A Bayesian prediction interval should incorporate the uncertainty in the yet to be conducted study, given our knowledge and modelling assumptions, so it should have the form N(z, \sqrt{3})
If I wish to estimate the posterior distribution of beta for the current study, then I do so by assuming a flat prior and that SE(b, s, n1) = \frac{s}{\sqrt{n_1}} . If I wish to estimate the posterior distribution for b_repln or or the possible means of a repeat study, I do so directly by assuming a flat prior again and a single convolved distribution with b and s so that SE(b, s, n1, n2) is based on a combination of two samples n1 and n2 so that when
v_1 = \left( \frac{s}{\sqrt{n_1}} \right)^2, \quad v_2 = \left( \frac{s}{\sqrt{n_2}} \right)^2
then
SE(b, s, n1, n2) = \left( \frac{b}{\sqrt{v_1 + v_2}} \right)

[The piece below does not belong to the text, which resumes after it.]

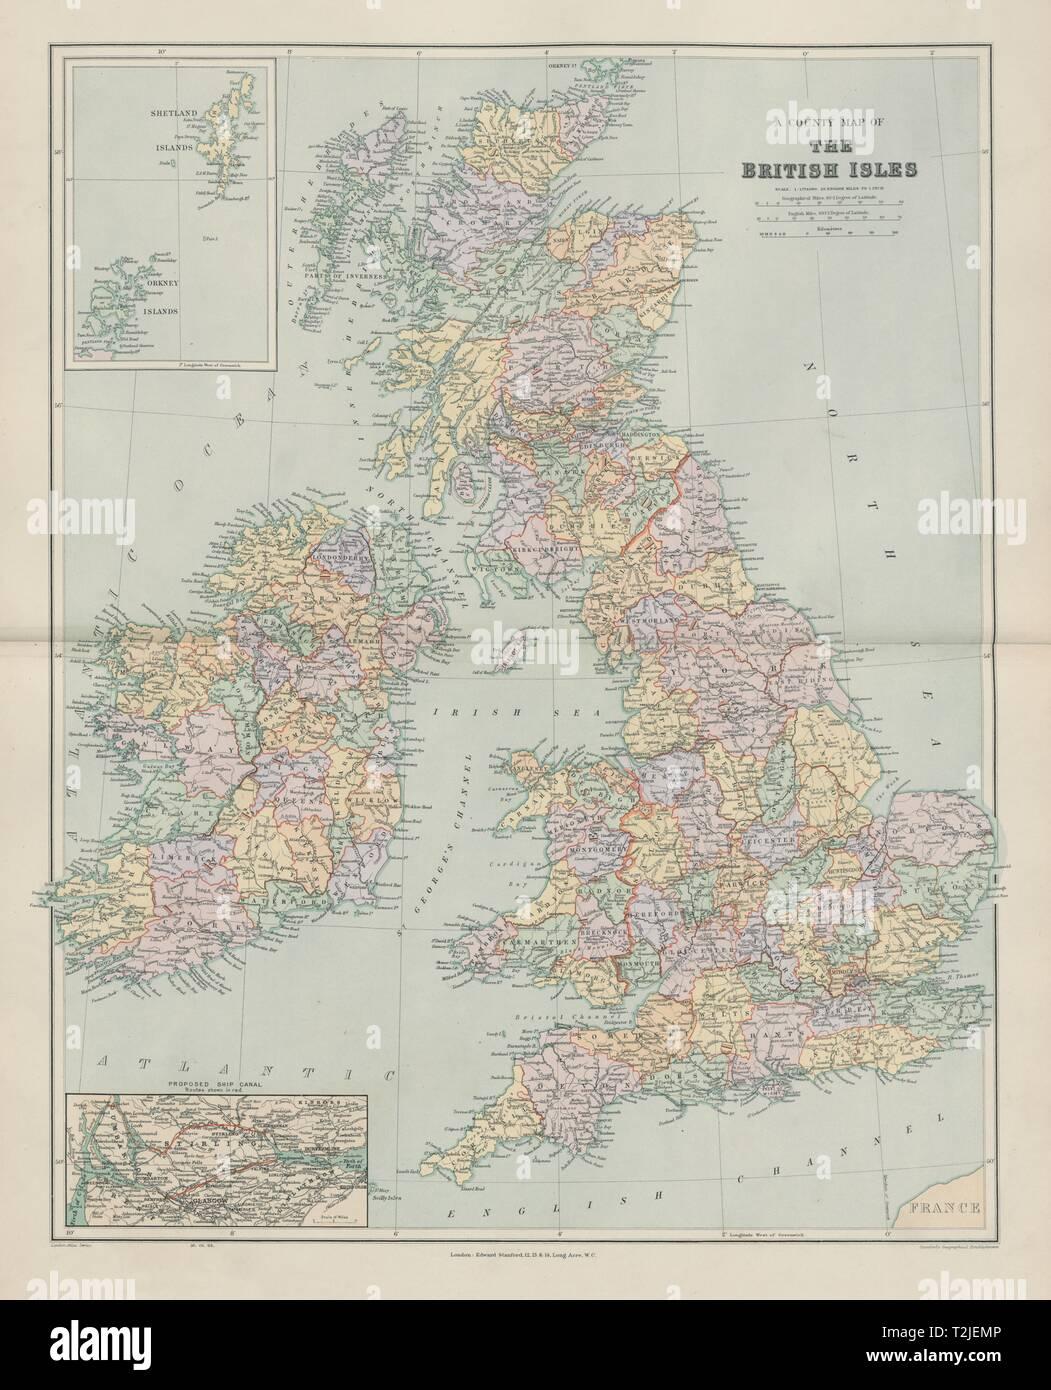 Carte Angleterre Ecosse.County Carte Des Iles Britanniques Angleterre Ecosse Irlande Pays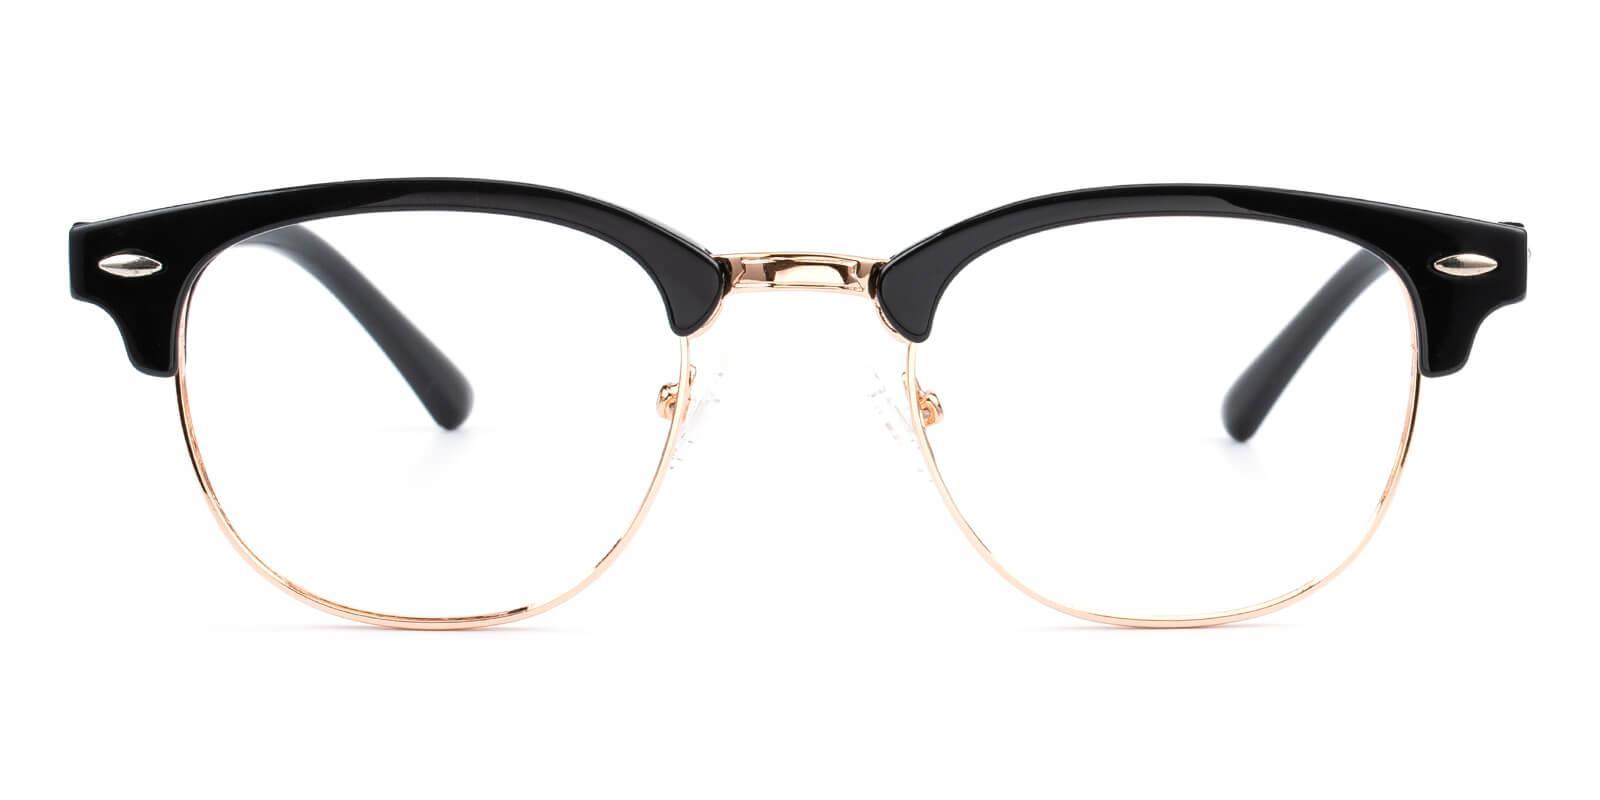 Creative-Black-Browline-Metal / Combination / Plastic-Eyeglasses-additional2

Why do you assume a flat prior after your first estimate? That amounts to ignoring the likelihood function from the first study.
Please study the following:
Kass, R. E. (1990). Data-translated likelihood and Jeffreys’s rules. Biometrika, 77(1), 107-114. (PDF)
Because they are totally independent calculations for two different distributions.
Regarding using uniform priors after the first estimate, you wrote:
This is wrong. The notation N(\theta, \sigma) denotes the distribution, so there is nothing preventing the realization of random variables from such a distribution from having different values. Random number generators do this all the time. This use of a uniform distribution after the first study amounts to ignoring your information (ie. the form of the likelihood) from the first estimate.
When doing computations, we substitute an expectation (measure of location), and make our uncertainty in the possible sample values explicit with the variance (measure of scale).
Do read that paper by Kass on uniform distributions and Jeffrey’s rules for non-informative priors.